The main advantage of trading using opposite Vanguard Short and First Trust positions is that it hedges away some unsystematic risk. Because of two separate transactions, even if Vanguard Short position performs unexpectedly, First Trust can make up some of the losses. Pair trading also minimizes risk from directional movements in the market. For example, if an entire industry or sector drops because of unexpected headlines, the short position in First Trust will offset losses from the drop in First Trust's long position.

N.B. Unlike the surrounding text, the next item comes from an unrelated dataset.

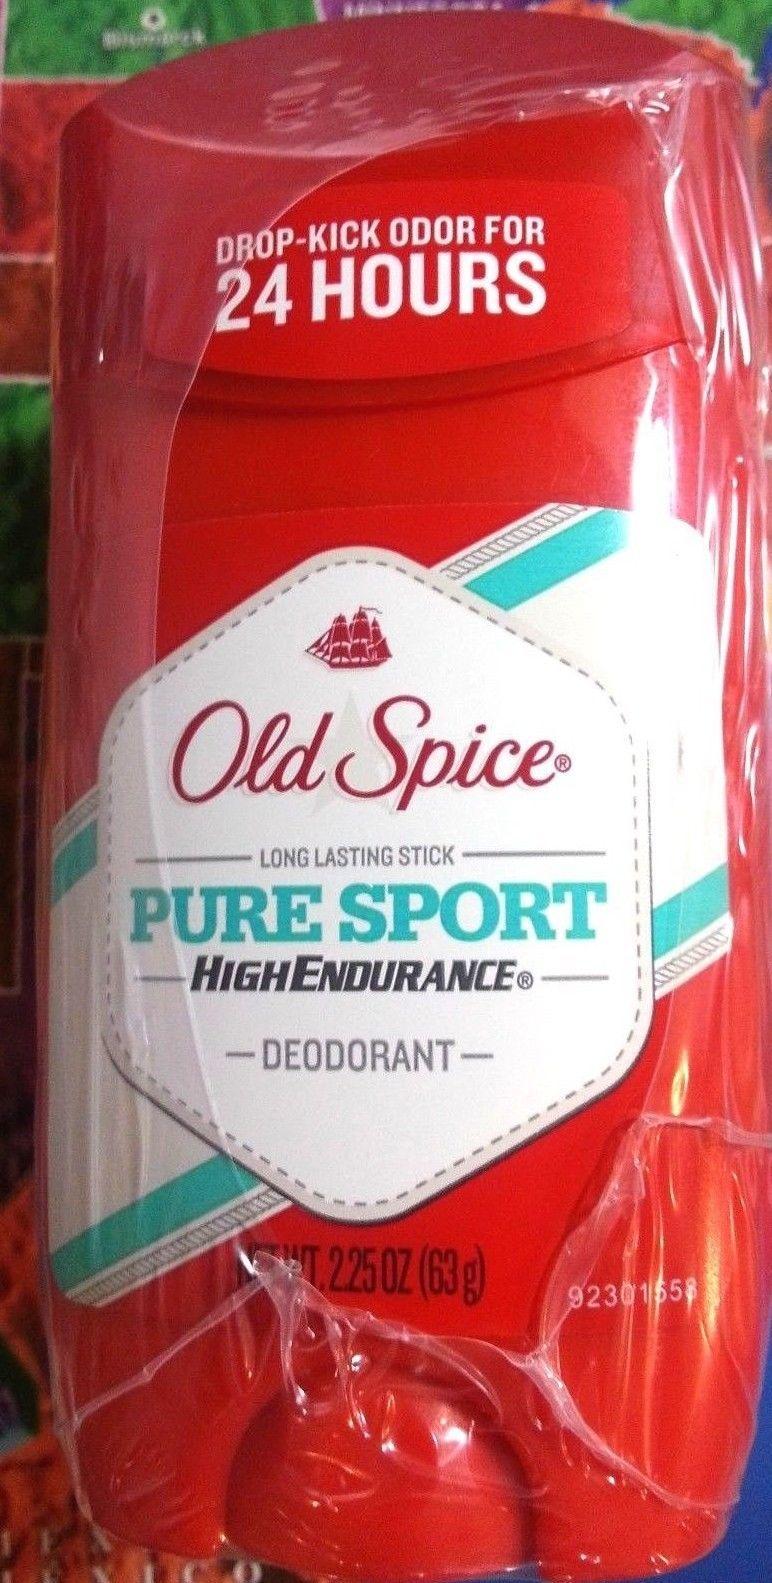 12 pk Old Spice Pure Sport High Endurance Deodorant 2.25 oz each Odor Protection

The idea behind Vanguard Short Term Treasury and First Trust Exchange Traded pairs trading is to make the combined position market-neutral, meaning the overall market's direction will not affect its win or loss (or potential downside or upside). This can be achieved by designing a pairs trade with two highly correlated stocks or equities that operate in a similar space or sector, making it possible to obtain profits through simple and relatively low-risk investment.
Check out your portfolio center.
Note that this page's information should be used as a complementary analysis to find the right mix of equity instruments to add to your existing portfolios or create a brand new portfolio. You can also try the Bollinger Bands module to use Bollinger Bands indicator to analyze target price for a given investing horizon.